Il nous restera la liberté de… rater !

Il y a 20 ans, quand nous étions las de sentir contre nos tempes le battement des jours qui se ressemblent et des nuits qui ne veulent plus recommencer, nous pouvions déborder, dévier urgemment du tout tracé de la route. Nous pouvions quitter la fixité d’une adresse ou d’un amour, miser sur le dépouillement et le vide, partir se laver les yeux sous des pluies chaudes. S’exiler en solitude.

Dans nos sociétés ultraconnectées, il est bien sûr encore possible de s’enfuir, de s’arracher aux visions quotidiennes, de se déconnecter comme de se perdre à tous les vents d’autan. Mais, sauf à se cacher derrière l’écorce de forêts profondes, la 4G derrière les yeux, l’ailleurs d’aujourd’hui ressemble de plus en plus à l’ici. Si les téléphones intelligents ont permis des progrès considérables (outre l’avantage de converser depuis une cuvette de toilettes), ils ont aussi rogné le temps, abrégé les distances, borné l’imaginaire. Le ciel paraît beaucoup moins grand, puisqu’est désormais rendu accessible l’horizon jadis inatteignable. On assiste en direct au dîner d’un ami singapourien, et même les aventuriers ne partent plus sans caméra, devant laquelle ils expliquent en live et avec pédagogie comment faire du feu dans la steppe sibérienne (sans se faire dévorer par un dragon asiatique). On abandonne la poésie et le mystère au passé. Et on se presse à exposer en images, la vie et ses modes d’emploi. Et au bout de quinze tutoriaux, je ne sais toujours pas faire un feu.

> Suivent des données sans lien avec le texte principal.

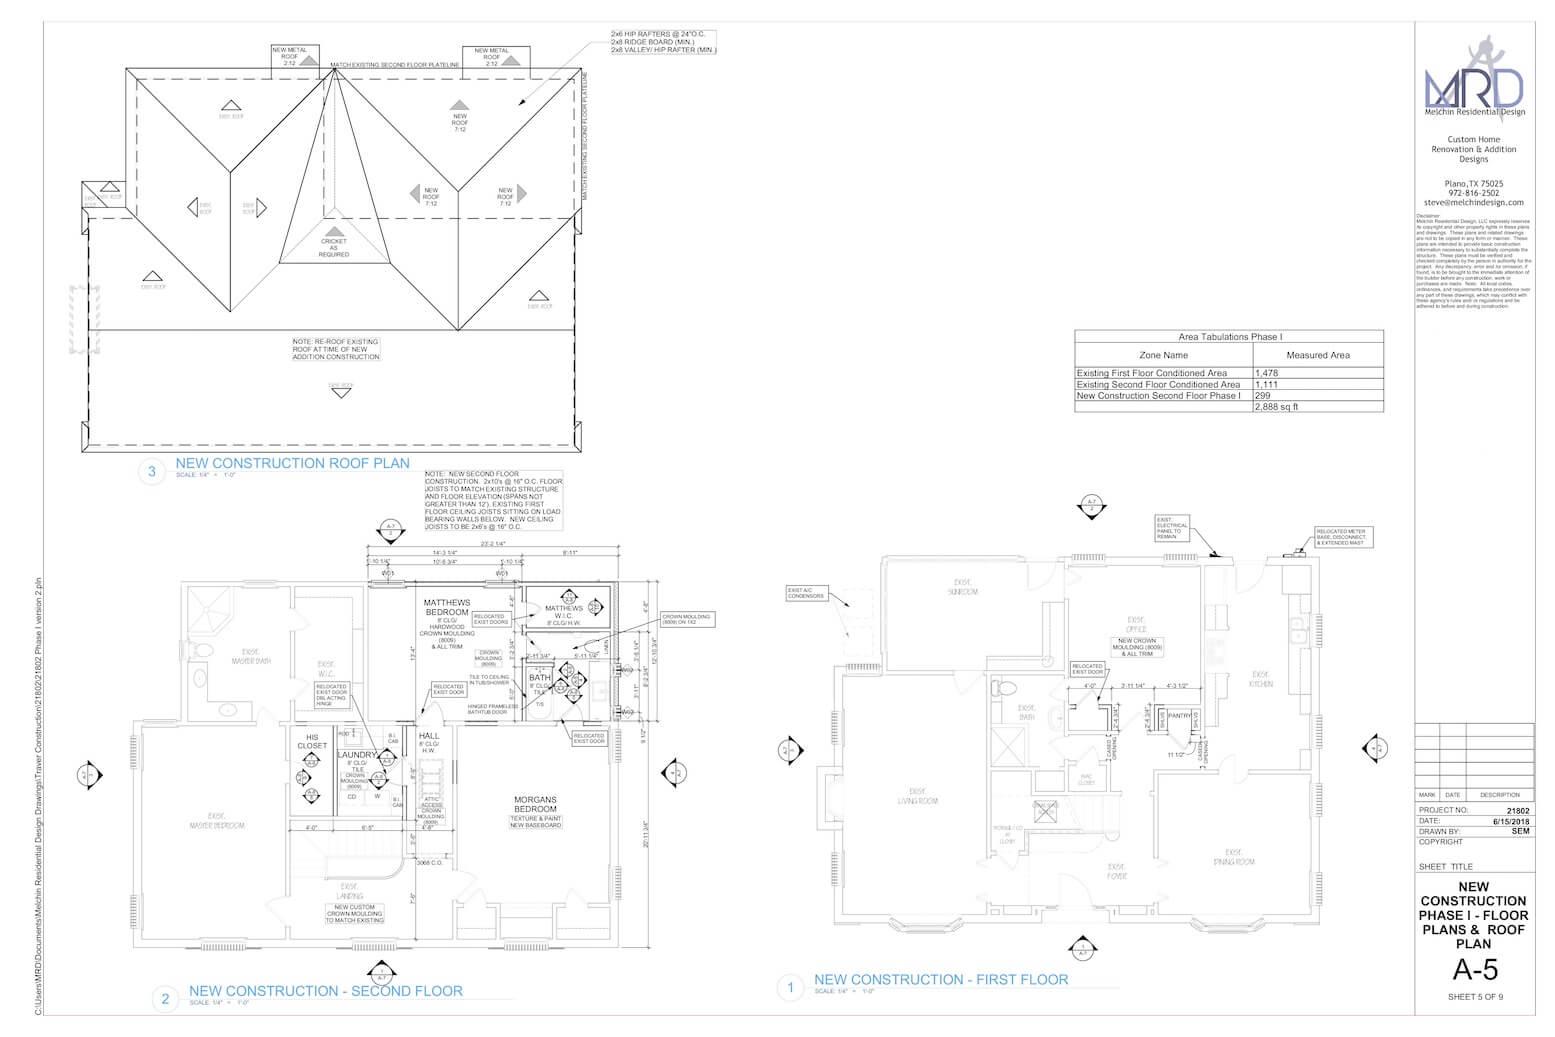 4571-Rheim-Phase-I-005

En 2018, nos échappées ne se font quasi plus la belle, sans le reflet du monde entier sur un mobile : surcharge informationnelle, vie tricotée sur les réseaux, pizza géolocalisée. Et lorsque la peau aura été transformée en écran tactile (certains y travaillent déjà), combien semblera encore plus difficile, quasi hors d’atteinte, la libération volontaire… Assistance de la machine, statistiques, big data. À l’heure d’été et du pastis, on peut en rire : un data scientist s’attèle à ses calculs pour prédire l’heure de notre dernière heure ou le lieu du prochain braquage. Un domoticien travaille aux connexions des frigos, des personnes âgées et des chiens (on peut désormais lancer la « baballe » à distance, alléluia !). Mais ambitionnons-nous vraiment de crever étouffer sous nos idéaux de sécurité et de contrôle ? Sans compter que je n’ai toujours pas de chien…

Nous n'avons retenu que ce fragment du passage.